Some thought Dee a heretic, or a sorcerer wielding the dark arts. Witchcraft was illegal for harmful purposes, but only if someone was shown guilty of raising wicked spirits or causing the death of another. If harmful witchcraft was proven, death by hanging was the punishment. If, however, the attempt had only brought about injury or the death of cattle, the witch was sent to prison for one year. My magistrates were cautious about sending men, or more usually women, to death for witchcraft, and more often than not they were sent to prison rather than hanged. Dee’s detractors misunderstood his work, and thought he was attempting to conjure evil spirits, or the Devil. He was trying to do neither. There were plenty of cunning men and women in England who used magic to do good, such as healing, finding lost items, or bringing about love, and Dee, although his ambitions went higher, into alchemy and communication with angels, was one of them.
Some people fear everything they do not understand. The trick to master this terror is to come to understand that which we do not, and release fear in doing so.
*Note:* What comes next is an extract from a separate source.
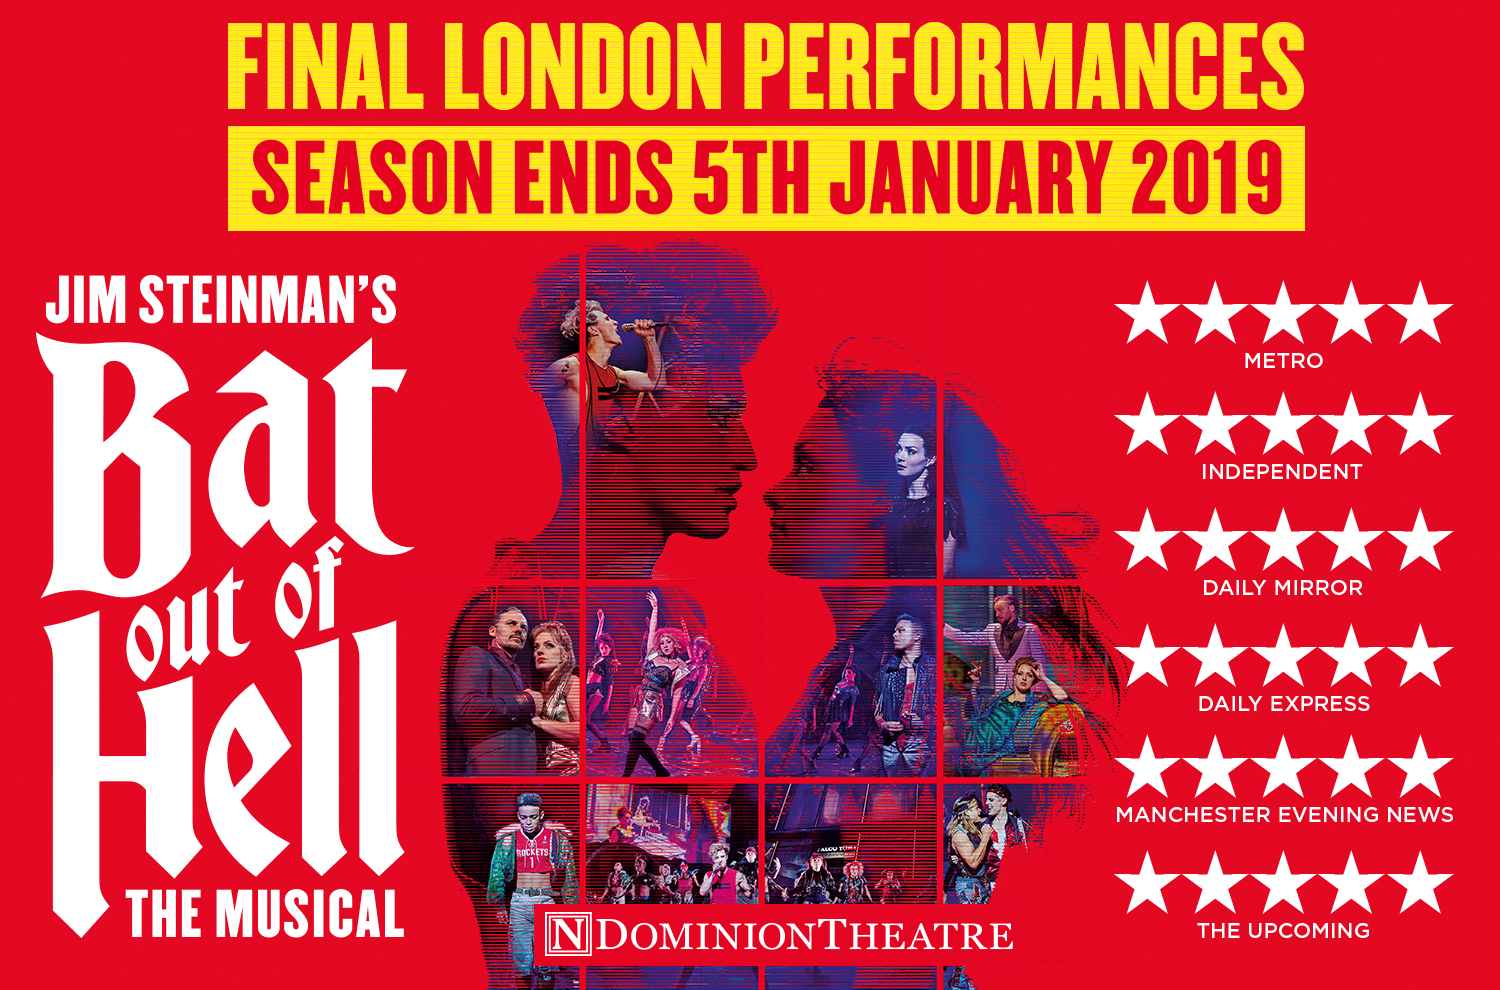 Jim Steinman's Bat Out Of Hell The Musical at the Dominion Theatre, London until 5th January 2019

But some will not attempt this.
I protected men like Dee, for even if I did not understand all their work, I saw there was worth in it. Perhaps one day, a scholar in the future would look back with as much reverence for Dee as I and many others held for Seneca.
After my afternoon of reading with Ascham was done, I went back to my rooms. “Where is Lady Knollys?” I asked as Helena came to take my jewels rather than my Carey cousin.
“Taken ill, Majesty,” said Helena.
“Is she alright?” It was rare that Catherine would fail in her duties, even if unwell.
“She has a fever, Majesty,” said Helena. “Mistress Parry scolded her into bed.”
I chuckled. Blanche was hard to disobey. “Send something hearty to her for dinner,” I said. “And keep me informed.”
“Of course, Majesty.”
I frowned. My doctors did not like me going to members of my household when they were ill, but I often disobeyed. I had been in reasonably good health for a long time, no more subject to painful monthly courses, wandering fevers, or other trials sent to plague me.
Helena saw what I was thinking and shook her head. “Majesty, Lady Knollys said
that if you looked as though you might go to her, we were to say that Mistress Parry will be at her door.” The young beauty grinned. “You will not pass, Majesty. Not with Mistress Parry guarding the entrance like a she-wolf.”
I laughed. “Shall I tell Blanche what you say, Helena?”
She smiled wider. “I said as much to her myself, Majesty. I am not one to hide my admiration.”
“You admire wolves, then?”
“Not wolves, Majesty,” she said. “But she-wolves, I do indeed. I hope to become one myself, one day, like Mistress Parry, and you.”
Laughing heartily as I clipped her shoulder softly with my hand, I wandered into the adjoining chamber, and tried to set worry from my mind. Blanche will care for Catherine, I thought. Even Death Himself would not dare set foot in that room with Mistress Parry present.